Every app that stores anything β user accounts, blog posts, orders, messages β uses a database. But "database" is one of those words that beginners hear constantly without anyone explaining what it actually is or how it works.
This guide covers the basics with real examples: what a database is, how SQL works, what primary keys and indexes do, and how to try it all right now without installing anything.
What a database is (and how it differs from a file)
A database is software that stores, organises, and retrieves data. You could also store data in a plain file β a JSON file, a CSV, a text file β so what makes a database different?
Three things:
1. Concurrent access. A plain file has no coordination mechanism. If two users try to write at the same time, you get corrupted data. A database handles thousands of simultaneous readers and writers safely.
2. Structure and constraints. A database enforces rules. You can say "this column must not be empty" or "this value must be unique" or "this value must refer to a row that exists in another table." A plain file has no enforcement β bad data sneaks in.
3. Efficient queries. Finding all users who signed up after January 1st in a JSON file means reading every record and filtering in code. A database with the right index finds those rows in milliseconds even if you have ten million of them.
Think of a spreadsheet: it stores data in rows and columns, but it has no concurrency control, no constraints, and no query language. A database adds all three.
Two main types: SQL and NoSQL
Relational databases (SQL)
Data is stored in tables β like spreadsheets, but with enforced schemas and relationships between tables. You query them using SQL (Structured Query Language).
Popular options: PostgreSQL, MySQL, SQLite.
Best for: structured data with clear relationships. A users table, an orders table, a products table β and queries that join them together.
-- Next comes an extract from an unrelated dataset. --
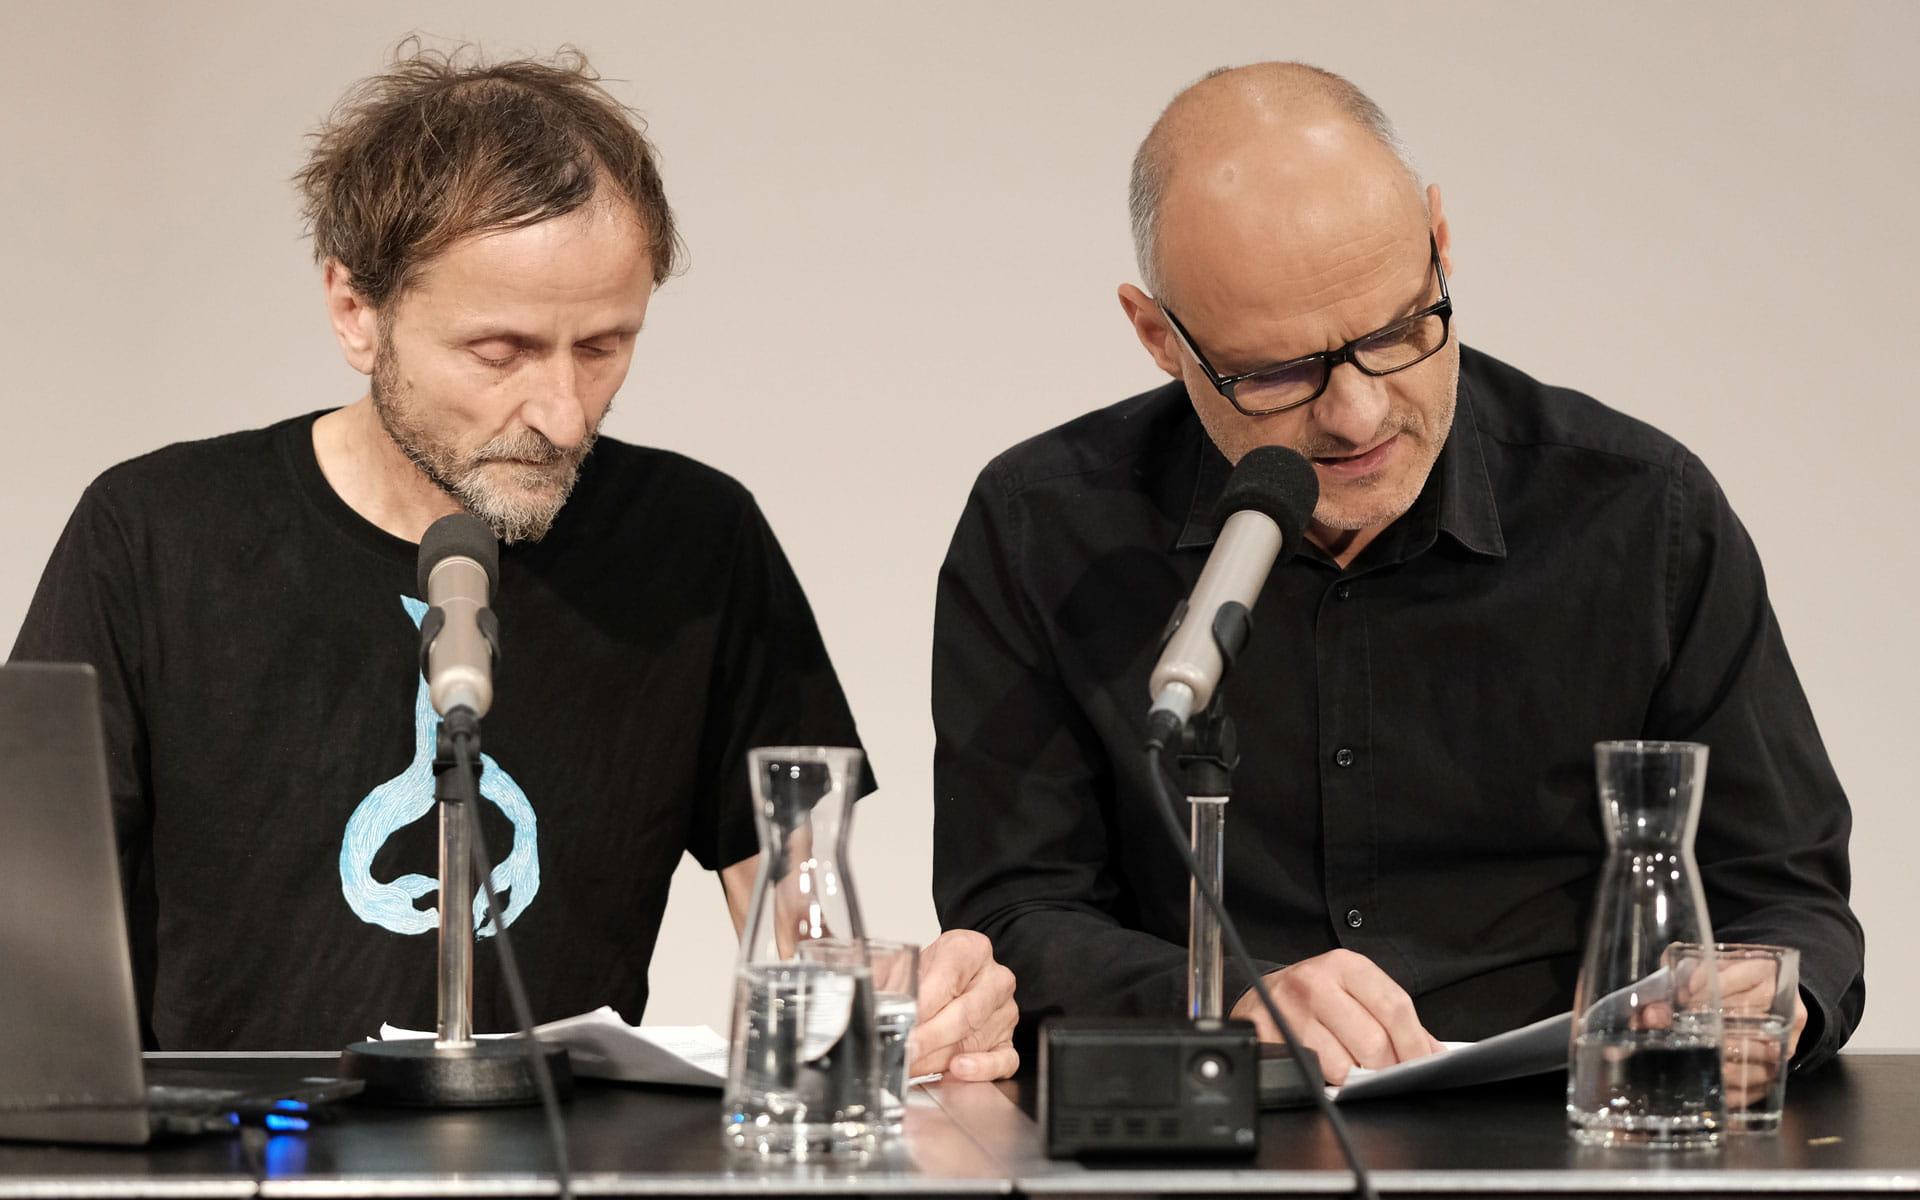 Franz Suess, Stefan Mäser: Paul Zwei <br/>(c) Sebastian Wenzel

NoSQL / Document databases
Data is stored in flexible documents, usually JSON. There is no fixed schema β different documents in the same collection can have different fields.
Popular options: MongoDB, Firestore (from Google).
Best for: data with a flexible or rapidly changing shape. A social media post might have zero or ten photos β a document database handles that naturally without schema migrations.
For most backend projects, a relational database (PostgreSQL) is the right default. NoSQL is a deliberate choice for specific use cases, not a simpler alternative.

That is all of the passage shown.